For Immediate Release: Apr 14, 2008
Contact: Kirsten Stade (202) 265-7337

NEW JERSEY TO PRIVATIZE POLLUTION REGULATION TO SAVE MONEY

Outsourcing Clean-Ups Is Recipe for More Toxic Disasters, Legislature Told


Trenton — Pre-empting legislative debate and the work of its own newly convened task force, the New Jersey Department of Environmental Protection will privatize pollution control and deregulate toxic clean-ups, according to statements from its top official. Unfortunately, this decision will jeopardize public health protections and further enmesh the embattled DEP in scandal, Public Employees for Environmental Responsibility (PEER) argues in testimony delivered tomorrow before a joint hearing of Senate and Assembly Environment Committees.
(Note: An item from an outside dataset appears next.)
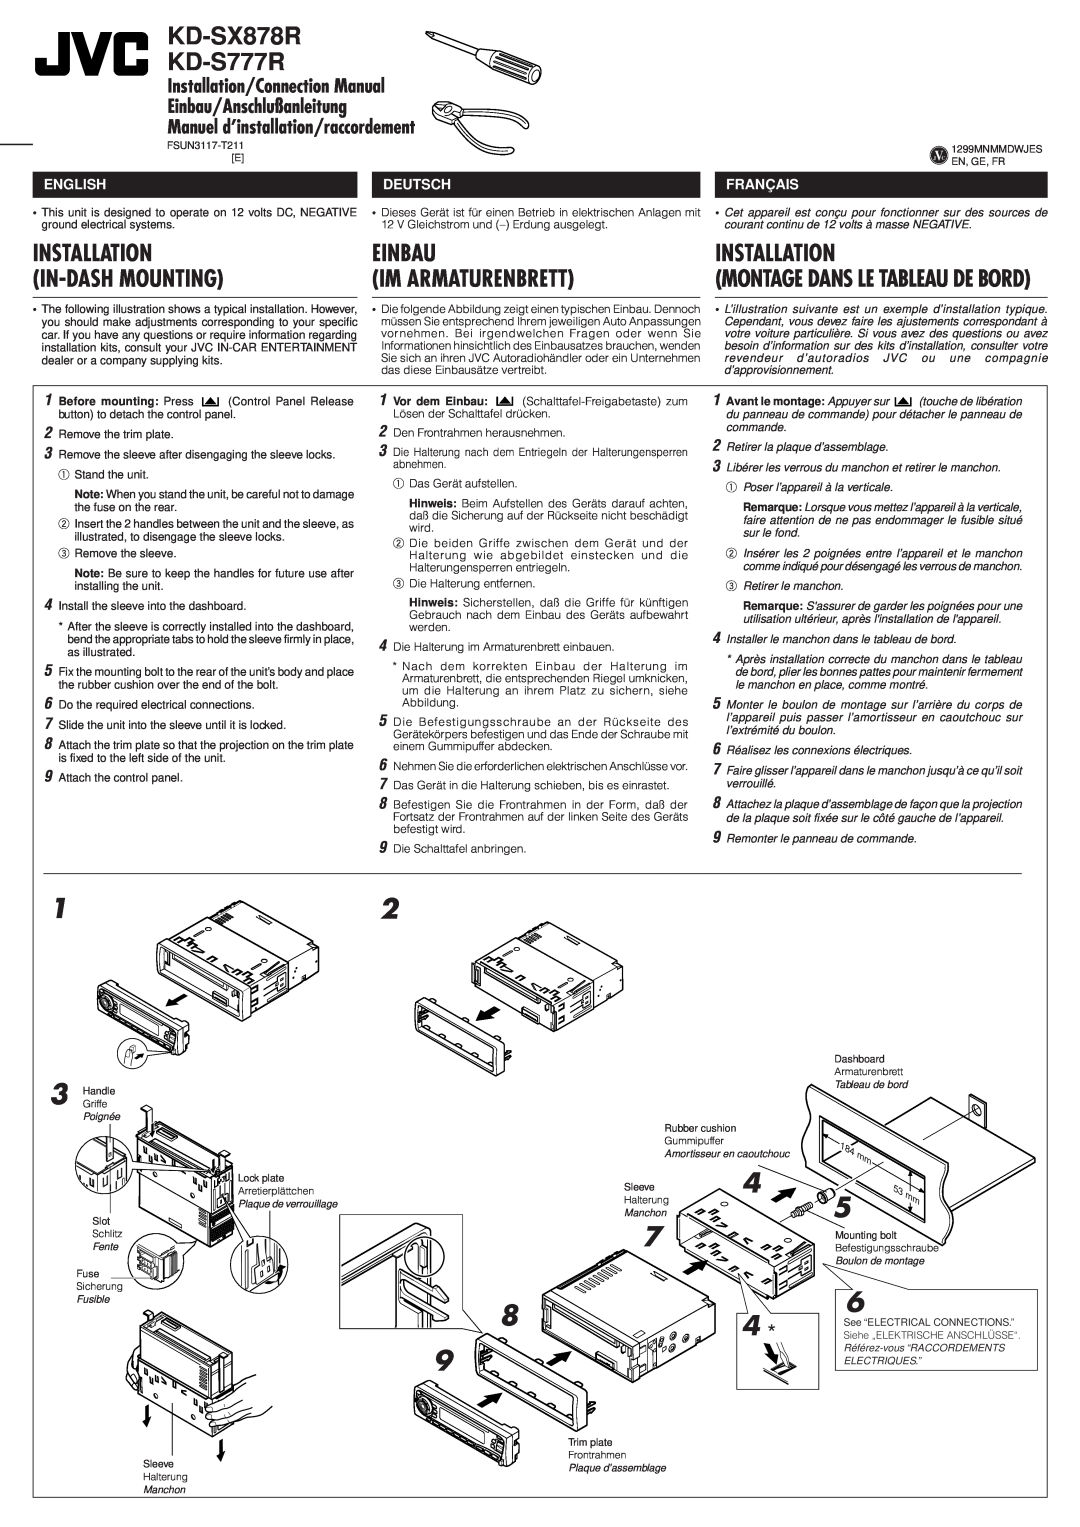 JVC manual Einbau Im Armaturenbrett, Installation, English, Deutsch, Français, KD-SX878R KD-S777R

In a breakfast roundtable with a real estate group on April 3, 2008, DEP Commissioner Lisa Jackson said:

“Sometimes I feel our department is so overworked that we are not getting results, we’re just pushing paper. Therefore, I feel outsourcing the consultant program to the private sector will ease the workload and lower the wait time for all those involved in site remediation.”
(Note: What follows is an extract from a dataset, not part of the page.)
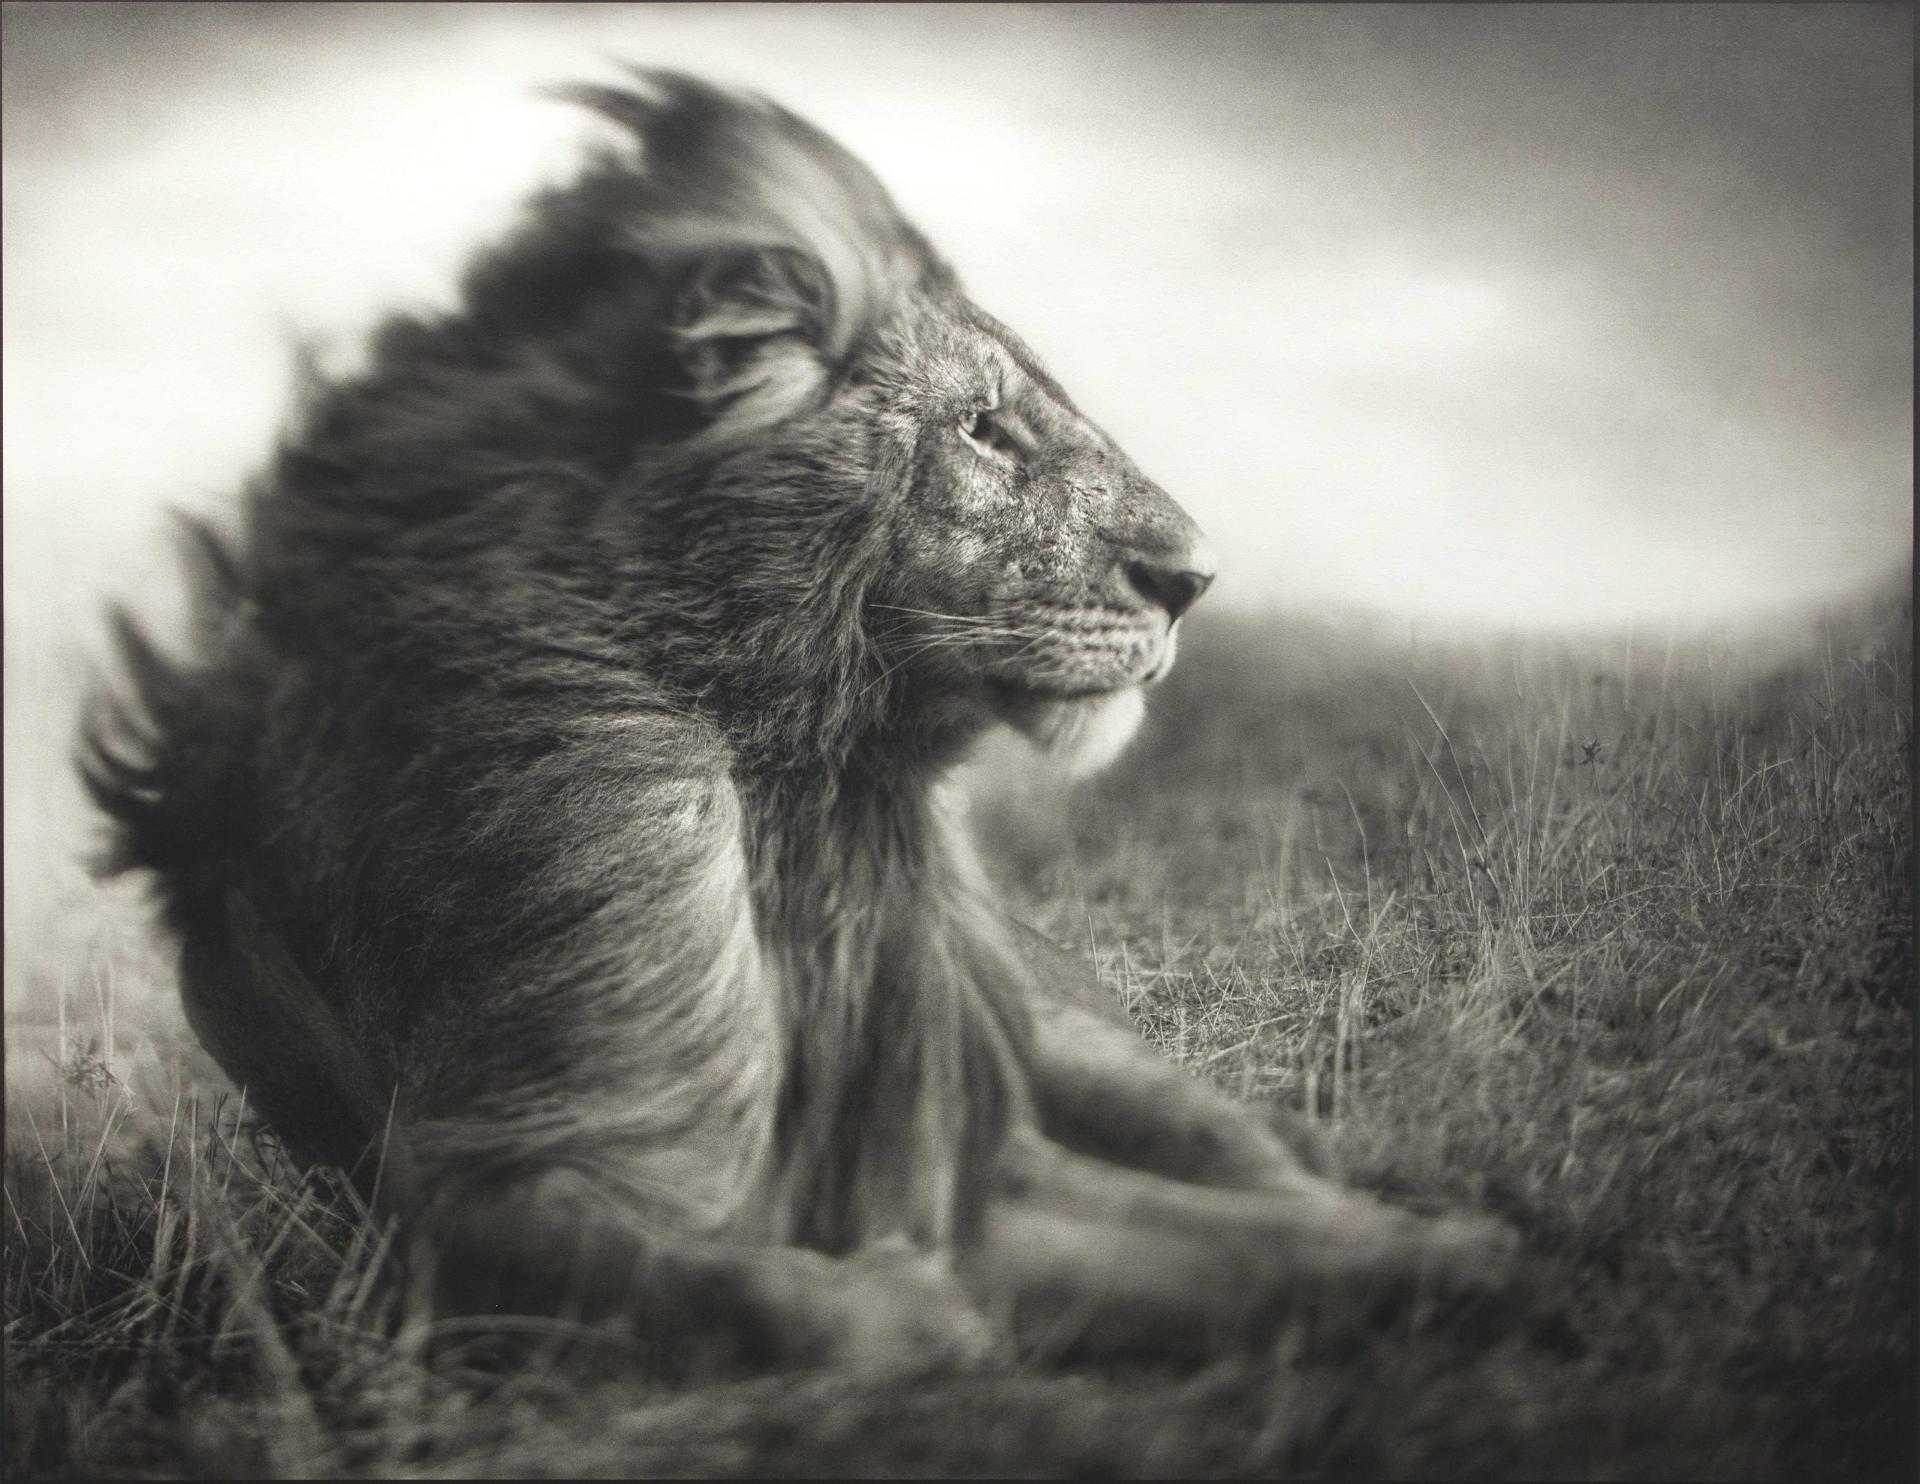 Nick Brandt (1964) - Lion Before Storm II – Sitting Profile, Maasai Mara, 2006

Less than six months earlier, however, Commissioner Jackson admitted “We realize that the state’s system that allows self-reporting for monitoring of these contaminated properties is broken.”

“If relying on industry self-policing has been a disaster, why do we want to expand it?” asked New Jersey PEER Director Bill Wolfe, a former DEP analyst, pointing to a series of well publicized fiascos such as Encap, the mercury-laden Kiddie Kollege day-care center and the Ford plant PCB clean-up. “Privatization of toxic site clean-ups is a fool’s errand because consultants and their polluter clients have huge economic incentives to cut corners, ignore regulations and compromise public health and environmental protection.”

Nonetheless, the commissioner wants to license private sector consultants to replace state employees in overseeing remediation of contaminated sites. The licensing program is based on a similar program in Massachusetts, where three-quarters of the contracted work was found deficient and much of the work had to be done over, according to audits in that state.

“It costs the taxpayers a lot more money and angst if the clean-up has to be repeated to get it right,” Wolfe added. “DEP should carefully and publicly analyze alternatives and their savings rather than lurching like a drunken sailor into the first open saloon.”

In a state that is no stranger to corruption, the absence of conflict-of-interest rules to prevent consultants benefiting private clients while doing state work is disquieting. DEP now uses private consultants to work on water pollution discharge permits despite those same consultants representing water polluters.

Last month, Jackson appointed a controversial Permit Efficiency Review Task Force but before that group has even met she has showed her cards in that debate as well, saying at the roundtable:

“If we do not address how we deal with our permits department, I feel the department will collapse under the weight. Folks want predictability of outcomes and times and we are trying to bring that.”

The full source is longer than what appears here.